An alternate strategy is to make the output of a reduce phase recognizable, such that it can be extracted from the input list on subsequent applications. For example, if inputs from the preceeding phase are numbers, outputs from the reduce phase could be objects or strings. This would allow the function to find the previous result, and apply new inputs to it.

How a Link Phase Works in Riak

Link phases find links matching patterns specified in the query definition. The patterns specify which buckets and tags links must have.

“Following a link” means adding it to the output list of this phase. The output of this phase is often most useful as input to a map phase, or another reduce phase.

Using Named Functions

Riak can also use pre-defined named functions for map and reduce phase processing. Named functions are invoked with the following form:

{"map": {"language": "javascript", "name": "Riak.mapValues", "keep": true}}

{"reduce": {"language": "javascript", "name": "Riak.reduceSort", "keep": true}}

The key name in both examples points to the name of the function to be used. Riak expects the function to be defined prior to the execution of the phase using it.

Defining Named Functions

Defining a named function for Riak is a simple process.

  1. Create a Javascript source file containing the definitions for all the functions you would like Riak to pre-define.
  2. Edit the app.config of your Riak nodes and add the line {js_source_dir, <path_to_source_dir>} to the riak configuration block. <path_to_source_dir> should point to the directory where the file created in step #1 was saved.
  3. Start using the functions in your map/reduce jobs.

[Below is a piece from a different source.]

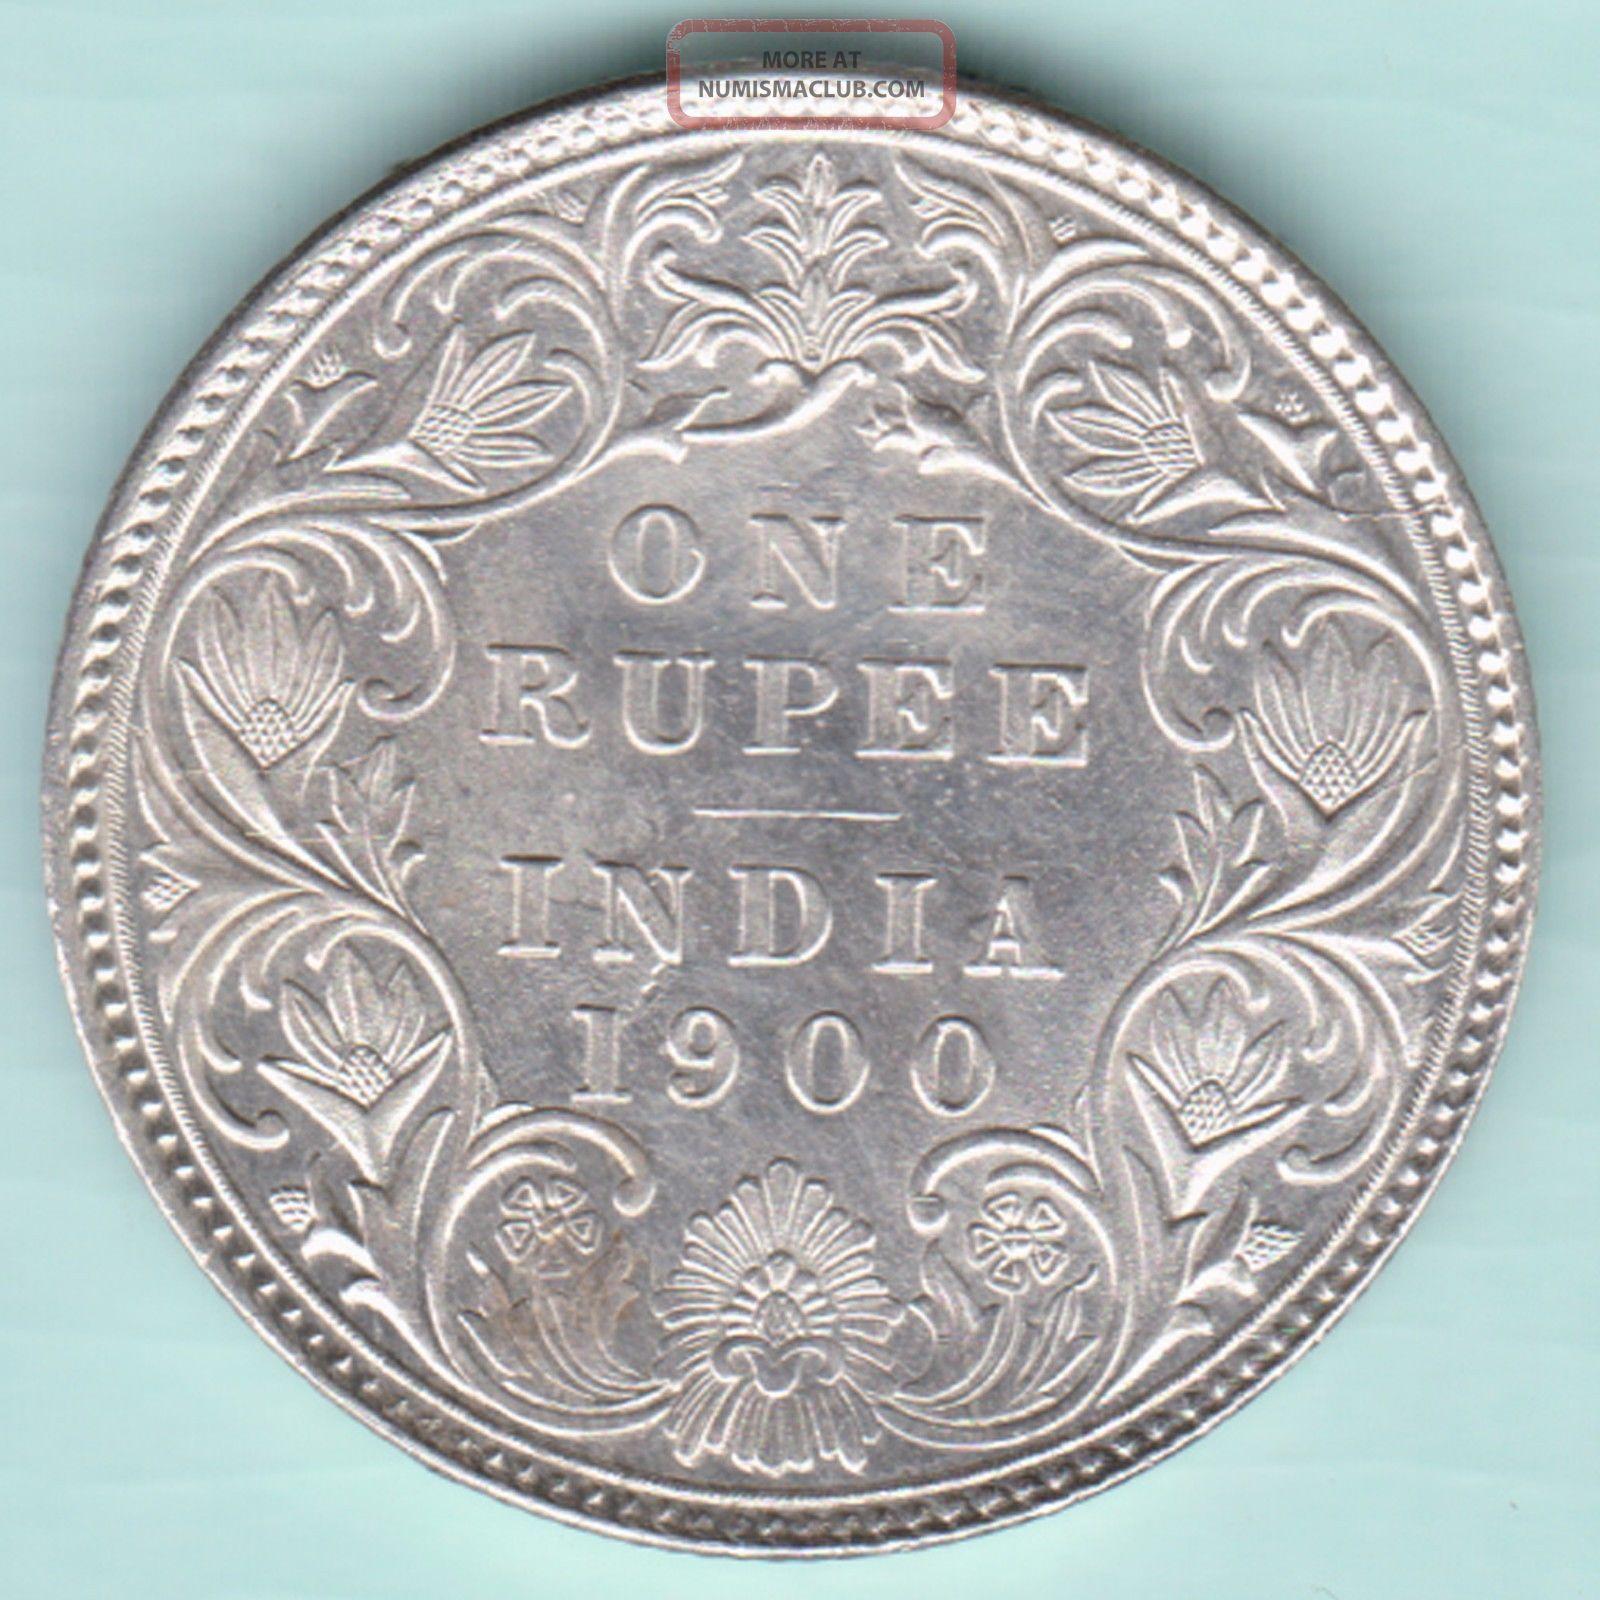 British India - 1900 - Victoria Empress - One Rupee - Rarest Silver Coin India photo

When js_source_dir is enabled, Riak scans the directory for files ending in .js. These files are then loaded into each Javascript VM when it is created.

NOTE: Named functions must be available on all nodes in a cluster for proper map/reduce results.

Why Use Named Functions?

Named functions can be better than anonymous functions in certain situations. Since named functions live in a file they can be managed using source code control and deployed automatically using tools such as Chef or Puppet. This can be a significant advantage when administrating large Riak clusters.

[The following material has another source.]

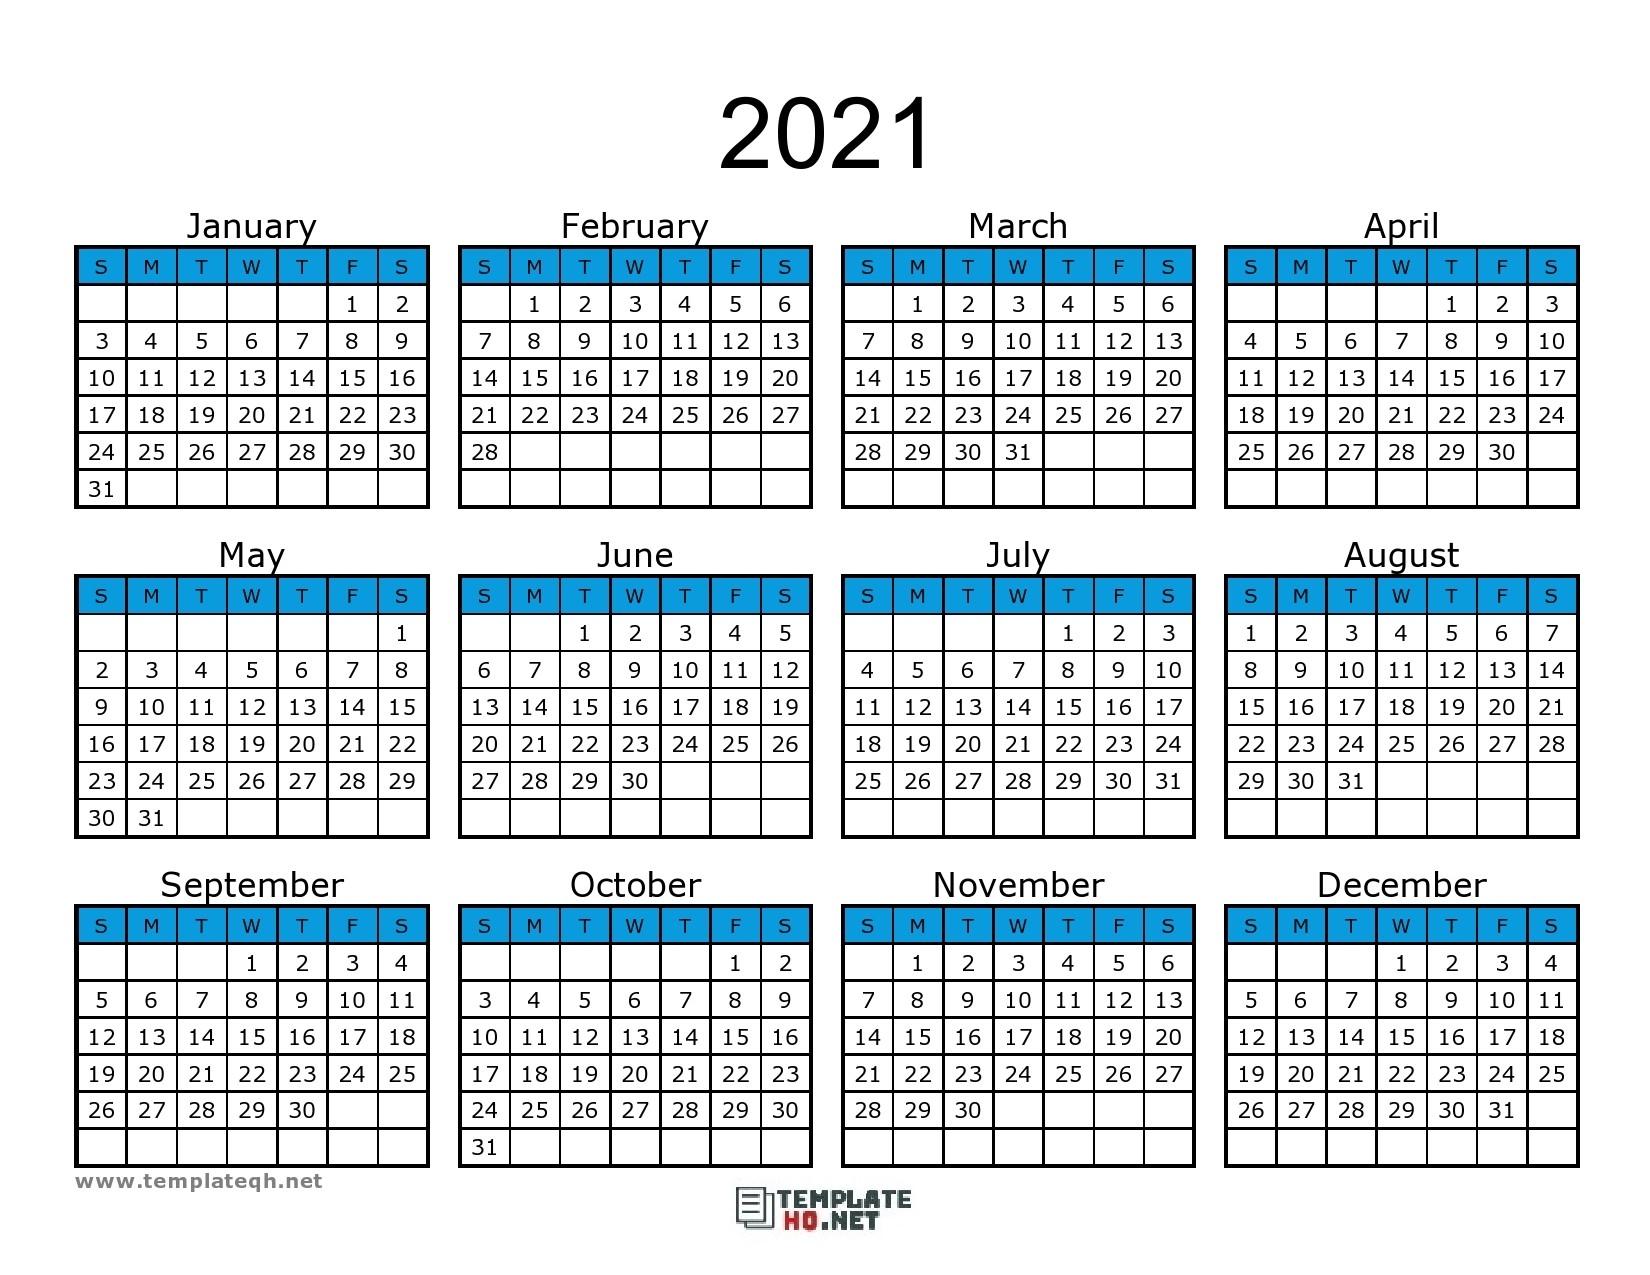 Free 2021 Calendar Printable - Template Hq  2021 Calendar Printable Template

More important, though, is the fact that named functions execute much faster than the equivalent anonymous functions. Invoking anonymous functions requires Riak to ensure the anonymous function is defined before invoking it. Named functions allow Riak to skip the definition check and execute the function call immediately.

Also, since named functions do not change between invocations, Riak is able to cache named function call results and short circuit the call entirely. Currently, Riak performs this optimization on named functions executed during map phases only.

In general, anonymous functions should be used during development and named functions should be used for production deployments where possible. This combination provides the maximum flexibility and performance.

Riak-Supplied Functions

Riak supplies several named functions out of the box. These functions are defined on a global Javascript object named Riak and should not be modified or overridden. These functions, along with descriptions and notes on their use are described in the next two sections.

Named Map Functions
  • Riak.mapValues(values, keyData, arg)

Extracts and returns only the values contained in a bucket and key.

  • Riak.mapValuesJson(values, keyData, arg)

Same as mapValues except the values are passed through a JSON decoder first.

Named Reduce Functions
  • Riak.reduceSum(values, arg)

Returns the sum of values

  • Riak.reduceMin(values, arg)

Returns the minimum value from values

  • Riak.reduceMax(values, arg)

Returns the maximum value from values

  • Riak.reduceSort(values, arg)

Returns the sorted version of values. If arg is the source to a Javascript function, it will be eval’d and used to control the sort via Array.sort.

  • Riak.reduceLimit(values, arg)

Returns the leftmost n members of values where arg is used as n.

  • Riak.reduceSlice(values, arg)

Returns a slice of the values array. arg must be a two element array containing the starting and ending positions for the slice.